593 SIV Protease Sequences in a RT/SHIV Background are Sensitive to HIV-1 Protease Inhibitors E. Paintsil*, L.Alexander Yale Univ, New Haven, CT
Background: The limited homology between SIV and HIV-1 RT and protease genes could lower sensitivity of SIV sequences to HIV-1 inhibitors. We investigated if HIV-1 protease sequences could functionally substitute for SIV protease sequences in a recombinant SHIV. Additionally, we investigated if SIV protease is sensitive to HIV-1 protease inhibitors when expressed in the context of RT/SHIV/TC, a recombinant in which SIV RT sequences have been replaced with HIV-1 RT sequences.
Methods: SIV protease sequences were replaced with HIV-1 protease sequences and the resulting DNA was transfected into CEMx174 cells. RT/SHIV/TC or HIV-1 (strain NL4-3) infected cells were also incubated with HIV-1 protease inhibitors Indinavir or Kaletra at concentrations of 0.2, 1.0, and 5.0 mM. The effects of these inhibitors on virus replication was determined.
Results: Transfection of CEMx174 cells with recombinant SIV containing HIV-1 protease sequences failed to produce detectable levels of viral antigen. In our drug sensitivity experiments, Indinavir and Keletra were potent inhibitors of both NL4-3 and RT/SHIV/TC, with only 0.2 and 1.0 mM concentrations, respectively, repressing replication by three logs.

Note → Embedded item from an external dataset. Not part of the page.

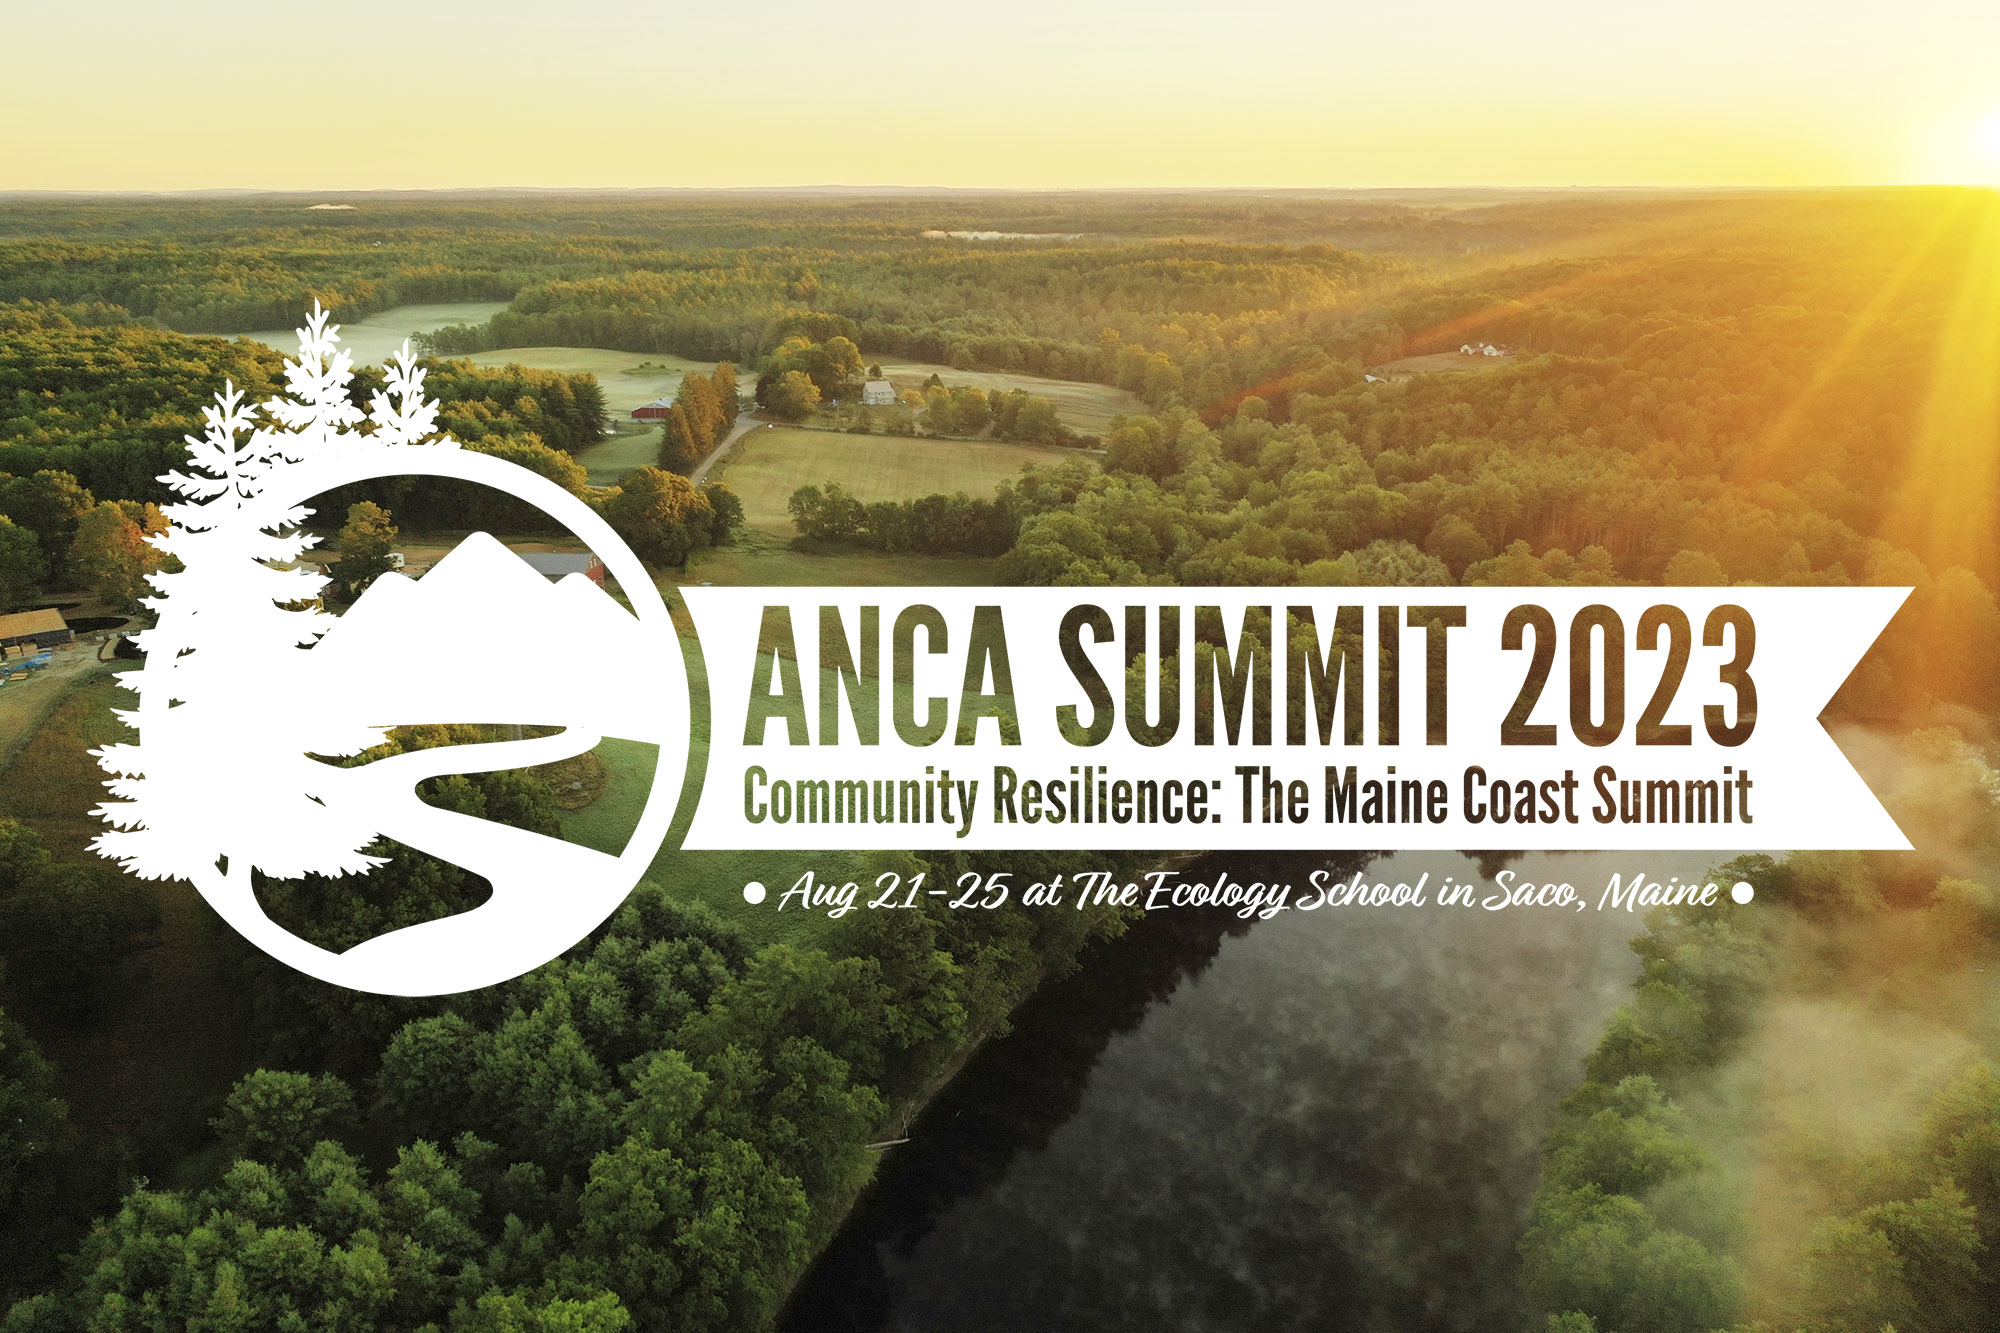 ANCA Summit 2023 — Community Resilience: The Maine Coast Summit / August 21-25 at The Ecology School in Saco, Maine

Conclusions: Our experiments indicate that HIV-1sequences that encode the protease gene cannot functionally substitute for sequences that encode the SIV protease gene. These sequences also encode for Gag sequences and thus, the block in viral replication could be either Gag or protease determined. Surprisingly, we observed that SIV sequences retained a high level of sensitivity to Indinavir and Keletra. However, these levels were somewhat lower (5-fold) than was observed for NL4-3. This is likely due to the fact that SIV protease contain several amino acids that decrease sensitivity to these compounds (I: 10, 32, 36, 46). It is possible that the introduction of such amino acids could increase drug sensitivity of SIV protease to levels that are comparable to those of HIV-1 protease. In this case, we will have developed a recombinant that will be highly sensitive to all types of anti-retroviral drug and thus, would be useful for studies of these compounds in experimentally infected rhesus monkeys.